WEM High Availability Redundancy Installations

WEM High Availability Redundancy Installations
 
Systems that rely on running Web Element Manager on a single server to manage their networks face the possibility of service disruption should the server fail. By using Oracle Clusterware or Symantec Veritas software, it is now possible to create redundant Web Element Manager servers with a primary host server running an active instance of Web Element Manager, and a redundant server in standby mode. This appendix provides information to help you successfully configure redundant instances of Web Element Manager over multiple servers. This appendix works closely with the Installing the WEM Software and the WEM Port and Hardware chapters in this guide.
note_smallImportant: Oracle Clusterware is supported on the Solaris operating system; however, Veritas is supported on Solaris and RHEL. During the installation process a radio button is provided to choose the required software.
Configuring High Availability Redundancy Using Solaris Cluster Software
This section describes the installation, configuration and upgrade procedures for High Availabilty on servers using the Solaris OS. You should also refer to the Solaris documentation. In any situation where this guide appears in conflict with the oficial Solaris documentation, the Solaris documentation shall take precedence.
System Requirements
Requirements for implementing High Availability are as follows:
Web Element Manager must be installed on a minimum of two Sun Netra™ T5220 servers equipped with the hardware described in the Server Hardware Requirements section of this guide.
We recommend a cluster installation restricted to two servers configured similar to that shown in the diagram below.

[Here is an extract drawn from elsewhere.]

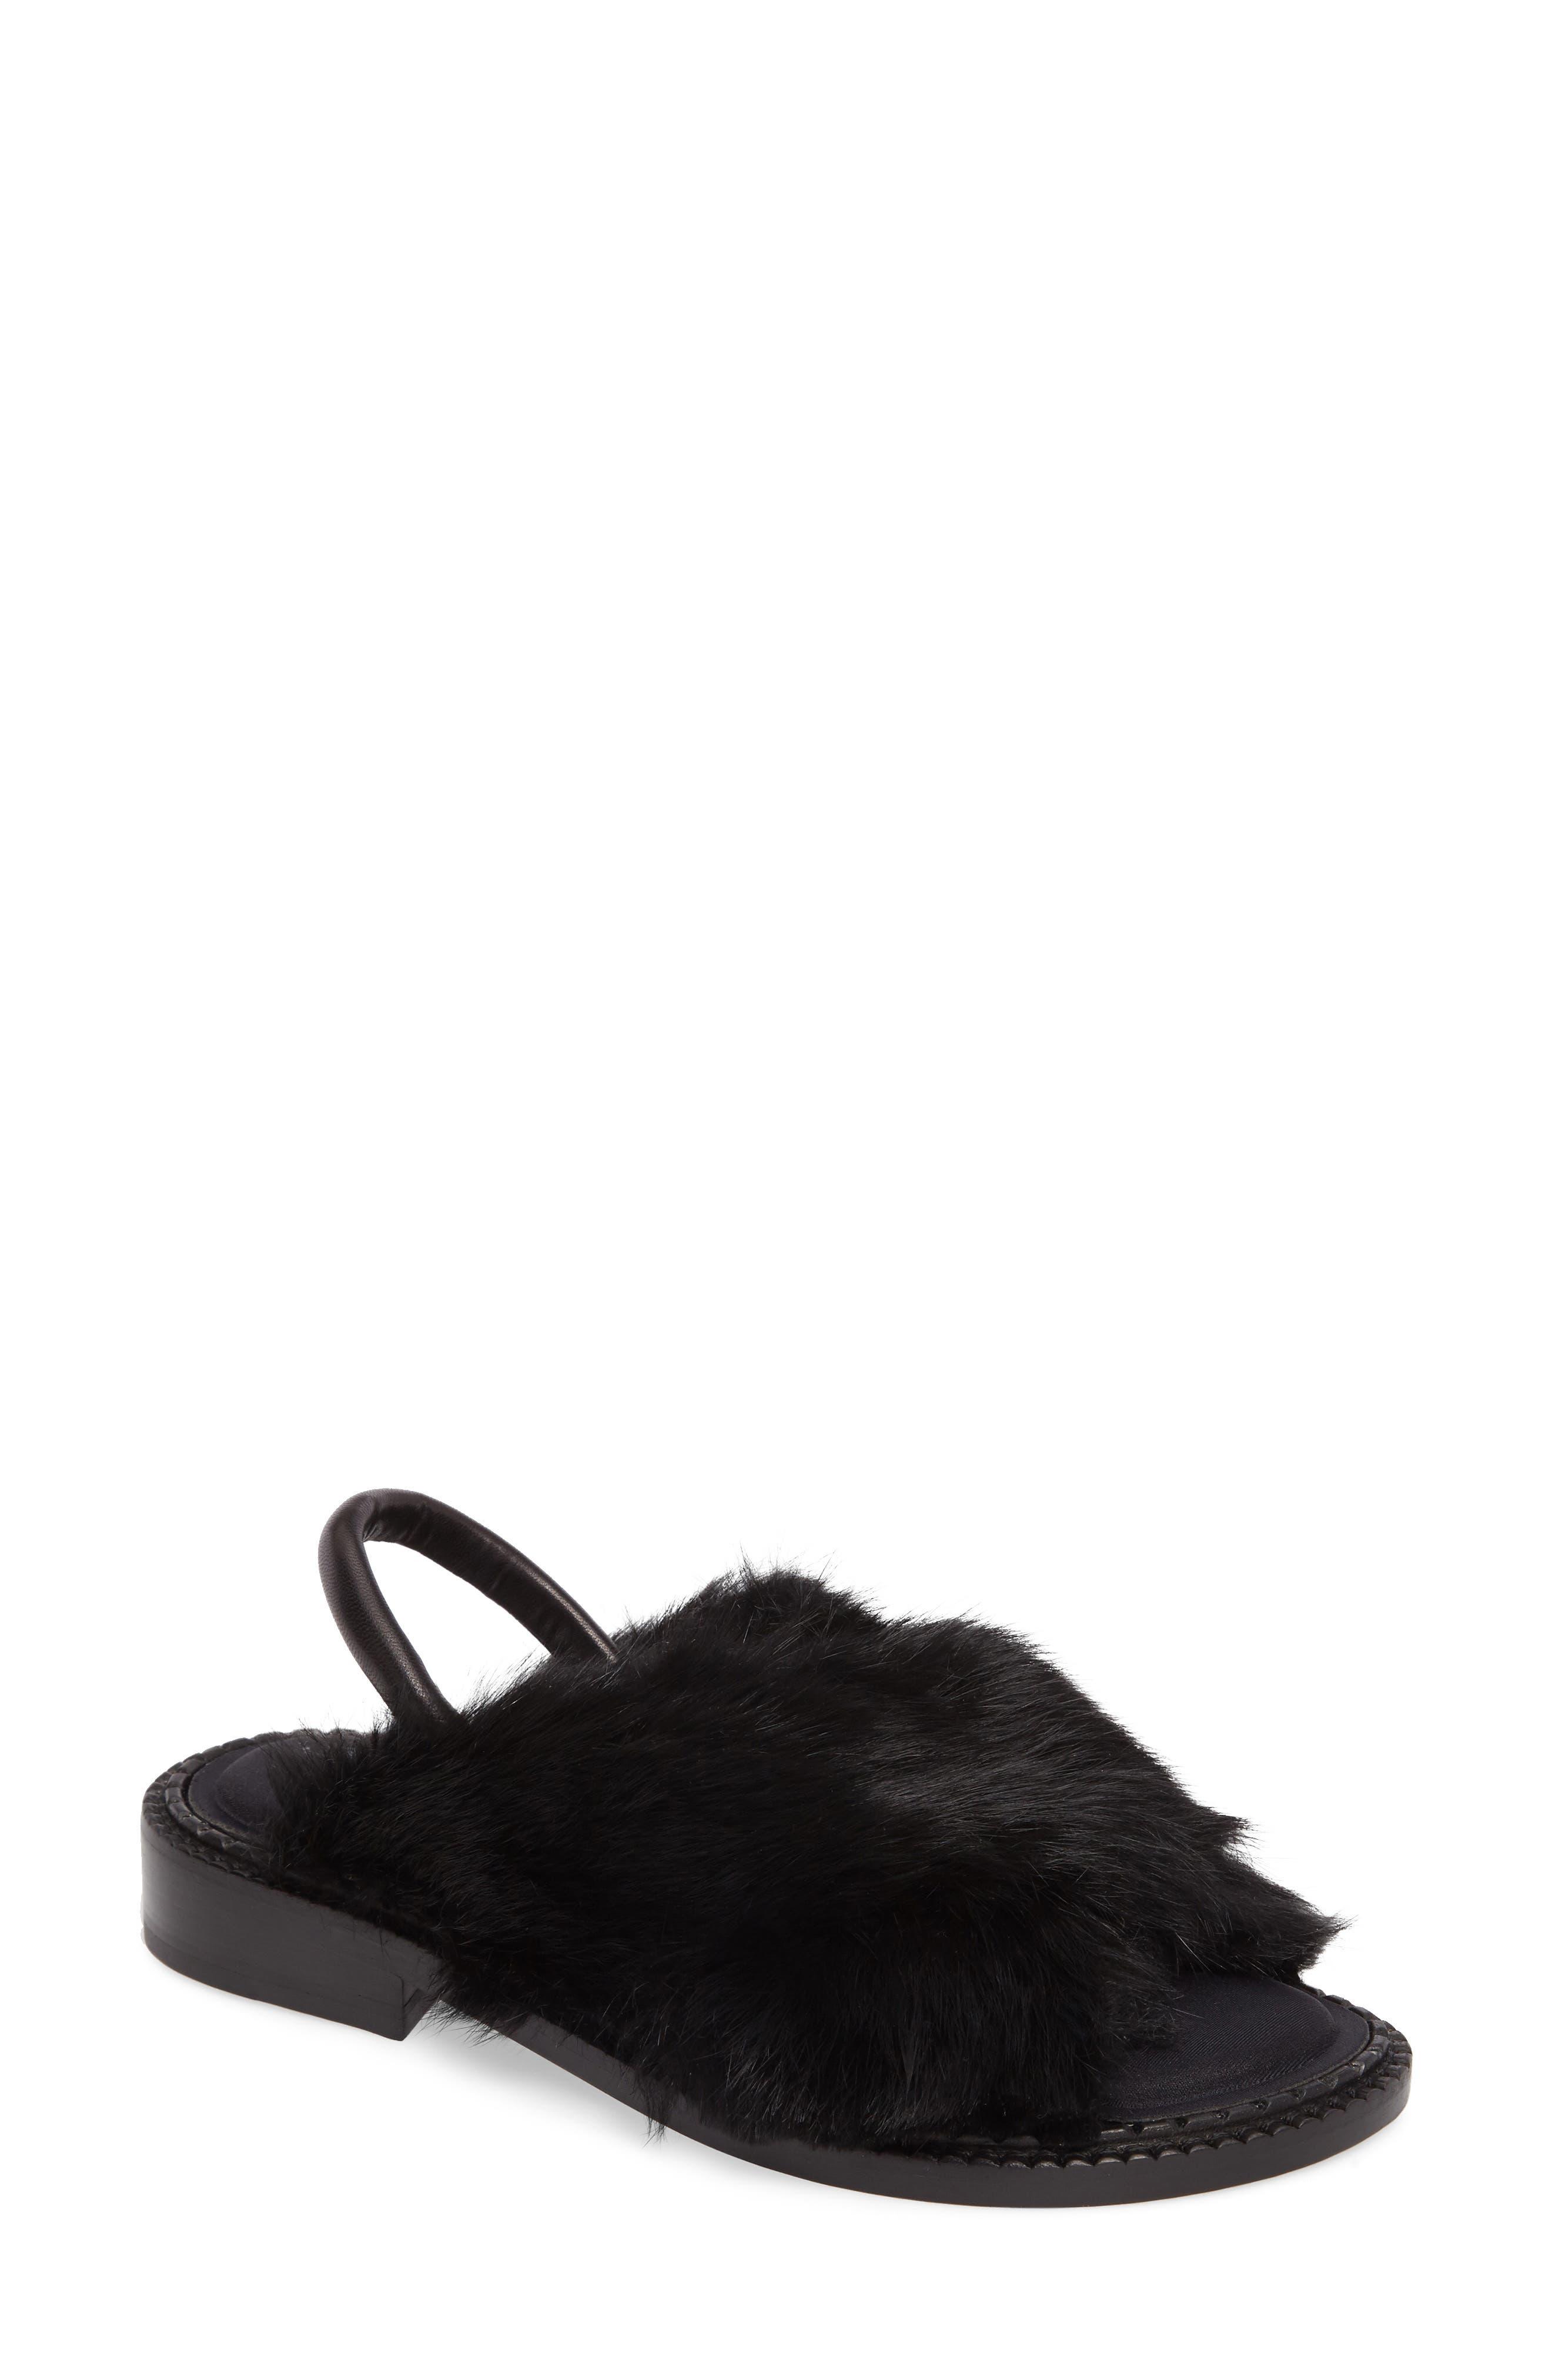 Bloss Genuine Fur Sandal,                             Main thumbnail 1, color,                             004

The sample configurations for Oracle Cluster assume such an installation.
note_smallImportant: Ensure you have installed the latest version of Oracle Solaris software and all appropriate software patches as described in the Operating System Requirements section.
IPMP is a feature supported on Oracle Solaris. For more complete configuration information, refer to Configuring IPMP for WEM Server and also to the Oracle product documentation.

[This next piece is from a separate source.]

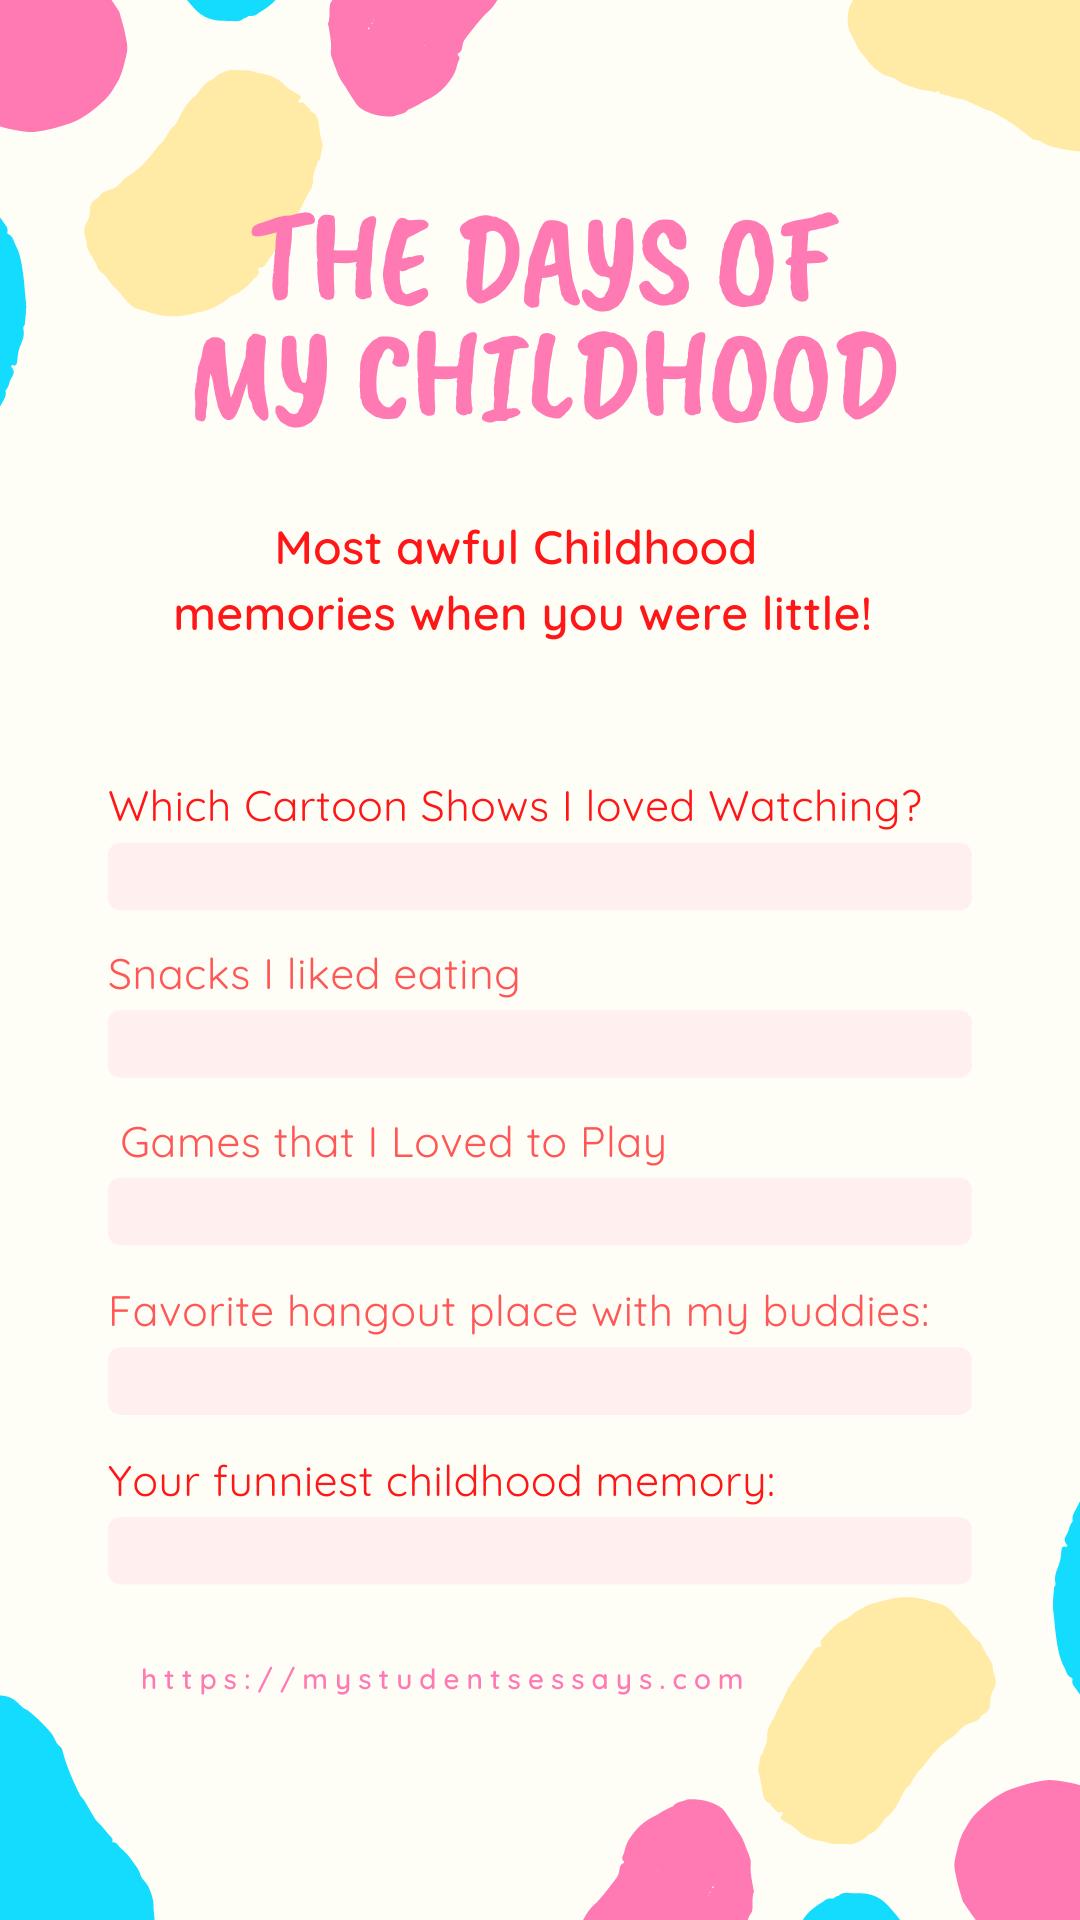 Funniest childhood memories essay

Oracle Solaris Cluster is a feature provided and supported by Oracle. For more complete information on configuring Resource Groups, refer to the Oracle Solaris Cluster product documentation.
Installing Web Element Manager for Failover Mode
This section specifies the configuration changes required when installing WEM in Failover Mode rather than Standalone Mode when following the installation instructions in the Installing the WEM Software chapter. For this release, please use the GUI to perform the installation rather than the command line.
note_smallImportant: Install and configure Web Element Manager in Failover Mode on both servers before configuring a cluster resource group.
The following items are either different from, or prerequisites for, the installation steps defined in the Installing the WEM Software chapter:
Create a file directory path <ems_dir> or use the default path: /users/ems.
The logical hostname and a floating IP address shared between the two nodes must be configured in /etc/hosts. Ems-Service is used as the logical hostname in the examples in the rest of this appendix.
note_smallImportant: The following options are not set when installing in Failover Mode:
WEM Service started by default and monitored by Process Monitor. (See the WEM Process Monitor chapter for more information on processes.)
Creating and Configuring a Cluster Resource Group
This section explains how to create a Resource Group specifically for WEM servers in this cluster and configure it appropriately.
note_smallImportant: This process is configured on only one server in the cluster. It is reflected on both.
Creating a Resource Group
The following describe how to create a Resource Group.
We recommend the cluster binary path is set in the shell environment as this means you can execute the cluster commands from any directory path.
Before clsetup can create a network resource for any logical hostname, that hostname and a common floating IP address associated with it must be specified in the /etc/hosts directory on both servers. This example uses ems-service as the logical hostname.
Step 1
Login as root and run clsetup to open the Main Menu.
Step 2
Step 3
A resource group is a container into which you can place resources of various types, such as network and data service resources and then manage them. Only failover resource groups can contain network resources. A network resource would include logical hostname.
Step 4
When prompted to create a failover group, enter yes and select Option 1: Create a Failover Group. For this example, call the group ems-rg.
Step 5
When you are prompted to select a preferred server enter yes and enter the name of the Preferred server; for this example use Node1. Enter yes to continue the update.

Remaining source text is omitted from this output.